=== Records to use ===

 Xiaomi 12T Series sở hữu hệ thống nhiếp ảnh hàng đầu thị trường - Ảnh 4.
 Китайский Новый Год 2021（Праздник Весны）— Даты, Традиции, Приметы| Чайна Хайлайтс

===
=== Records to use ===

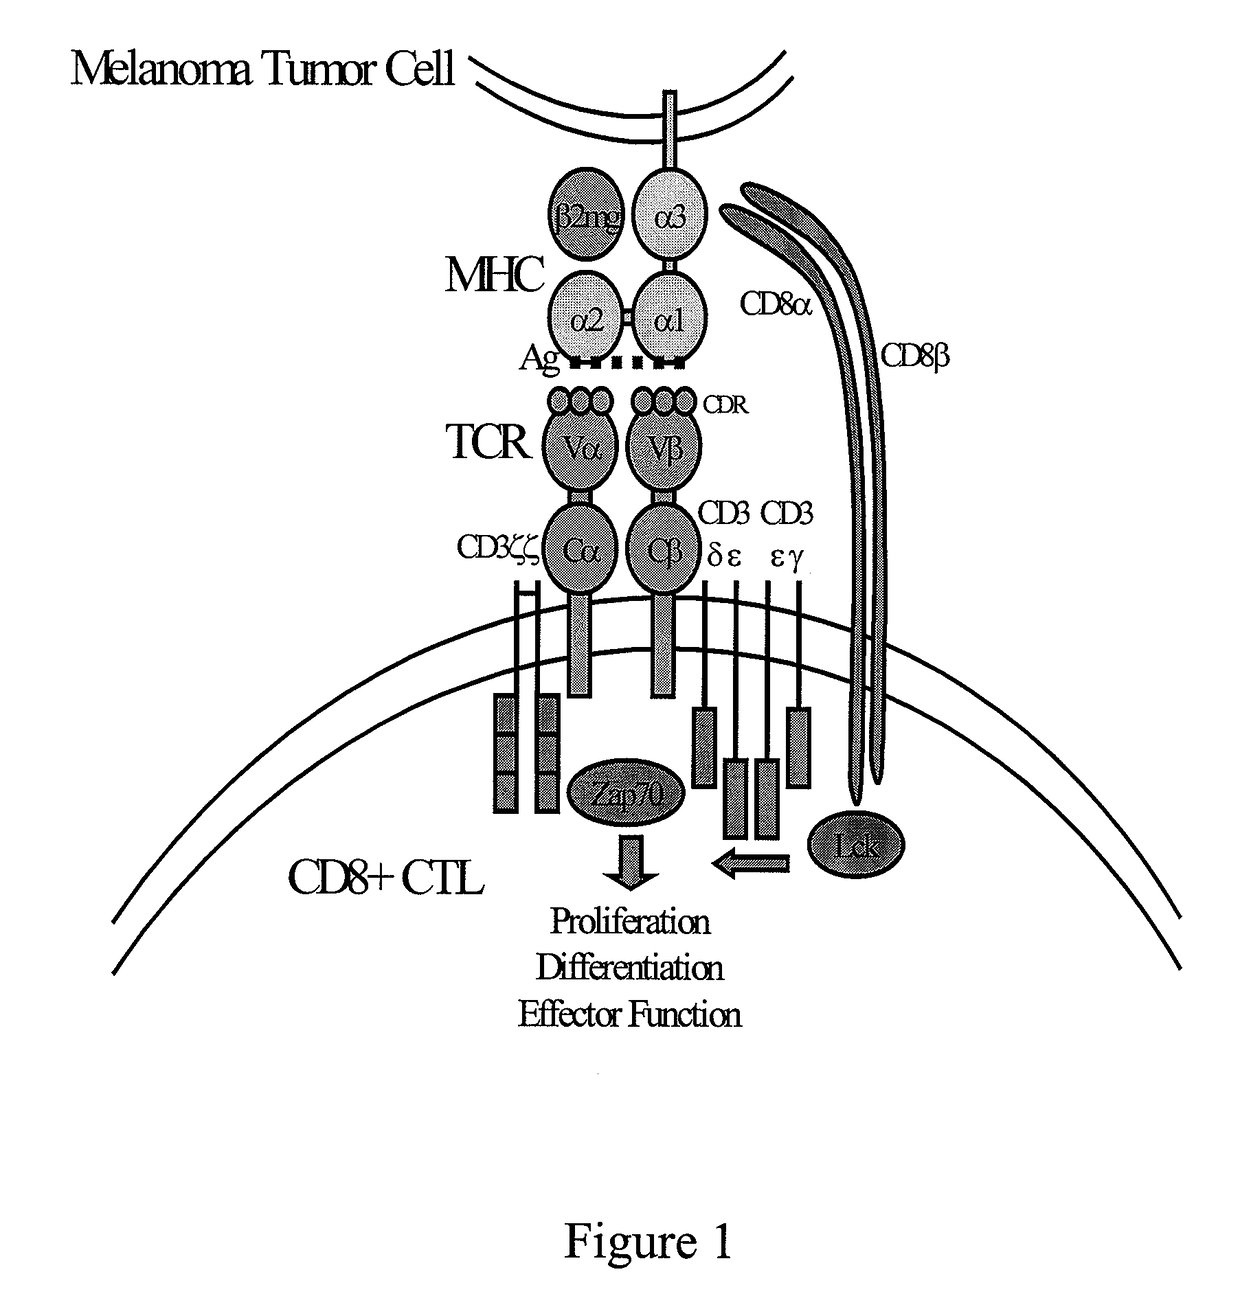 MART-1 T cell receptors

===

> **What the task asks**: Please reproduce exactly the lines in the listing above from the one containing "Xiaomi 12T Series" through the one containing "Китайский Новый Год", both included, and nothing more.

> **Answer to this exercise**:
 Xiaomi 12T Series sở hữu hệ thống nhiếp ảnh hàng đầu thị trường - Ảnh 4.
 Китайский Новый Год 2021（Праздник Весны）— Даты, Традиции, Приметы| Чайна Хайлайтс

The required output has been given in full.